DATE: WEDNESDAY, August 2, 1995                   TAG: 9508020024
SECTION: CURRENT                    PAGE: NRV-12   EDITION: NEW RIVER VALLEY 
SOURCE: Associated Press
DATELINE: NORFOLK                                LENGTH: Medium


COMPLAINT AGAINST PROFESSOR WILL GO FORWARD

A federal judge was asked Monday to throw out the College of William and Mary's complaint against a tenured professor whose alleged sexual harassment of a student led to a lawsuit against the school.

``It muddles the issue,'' Eileen N. Wagner, a Richmond attorney representing William and Mary doctoral student Karen Veselits, told U.S. District Judge Richard B. Kellam.

But Assistant Attorney General Richard Kast defended the ``third-party complaint'' that the school brought against history professor Ismail Abdalla in April, a month after Veselits filed a $2 million lawsuit against the college.

Veselits' lawsuit, which did not name Abdalla, contends the college mishandled her sexual harassment claim against the professor. The college's court filing seeks to make Abdalla responsible for any damages.

According to Wagner, a William and Mary sexual harassment committee that started looking into the student's allegation in 1993 concluded that she was pressured for sex and that she received a punitive grade when she refused.
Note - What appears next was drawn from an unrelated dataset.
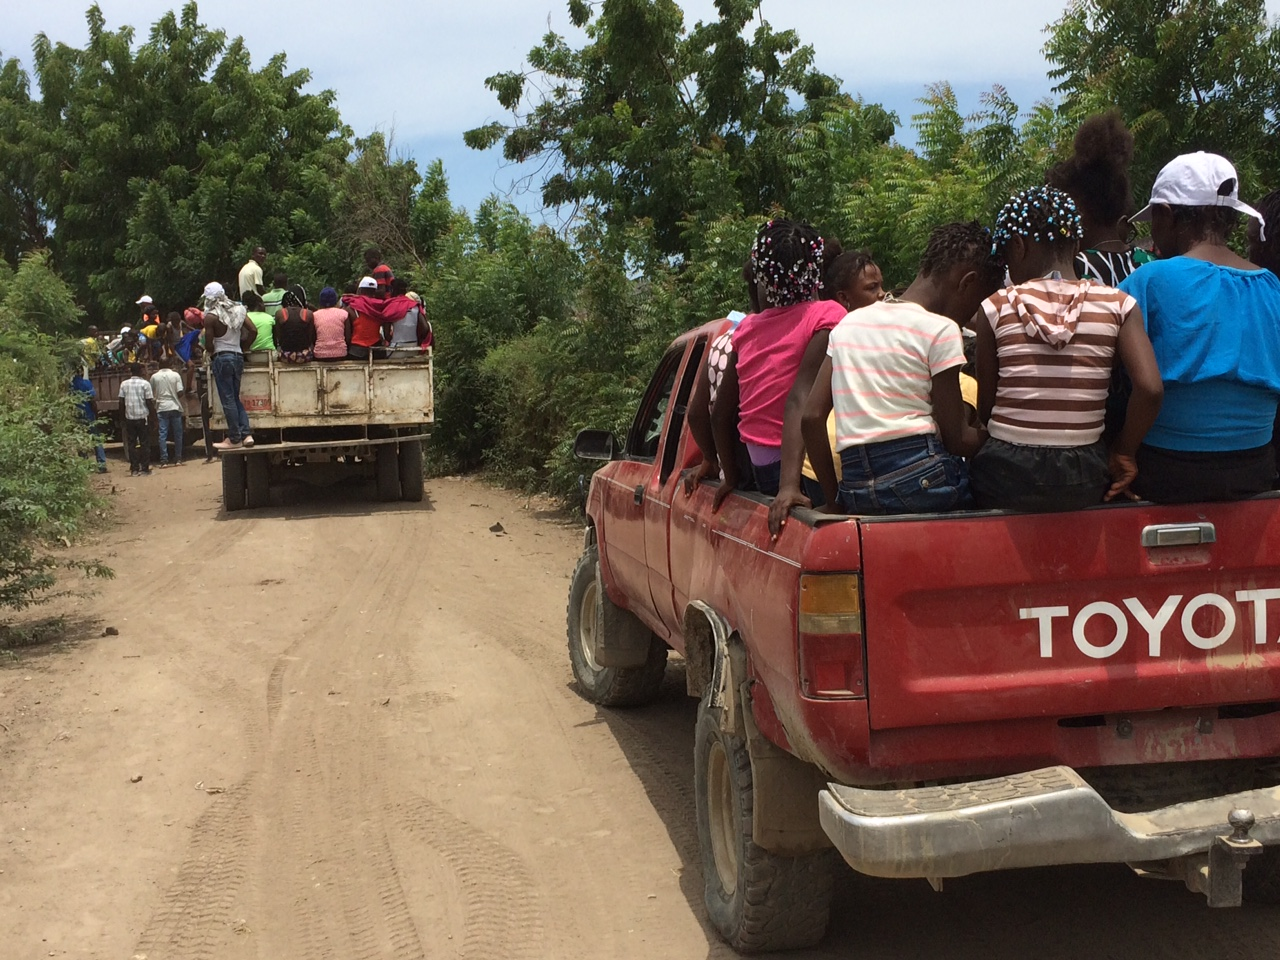 The children where brought to the Bouflette children's camp via trucks from across the region.

But Wagner said the college's handling of the matter was ``deliberately slowed down'' in a way that hurt her client's chance of getting relief.

``I dare say if she had gotten an apology, that would have ended it,'' Wagner told Kellam.

Robert T. Billingsley of Richmond, the professor's attorney who also asked that the college's third-party complaint be dismissed, said the William and Mary committee report raised doubts about whether Veselits actually received a punitive grade.

He also said the committee didn't conduct a due-process proceeding that allowed the professor to cross-examine witnesses.

Kellam did not indicate when he would rule on the college's complaint or on Wagner's request that the committee's harassment finding be accepted by the court. Billingsley opposes the request.

Dean David J. Lutzer of the Arts and Sciences faculty at William and Mary was still reviewing the committee's findings when the doctoral student filed her lawsuit. The case does not yet have a trial date.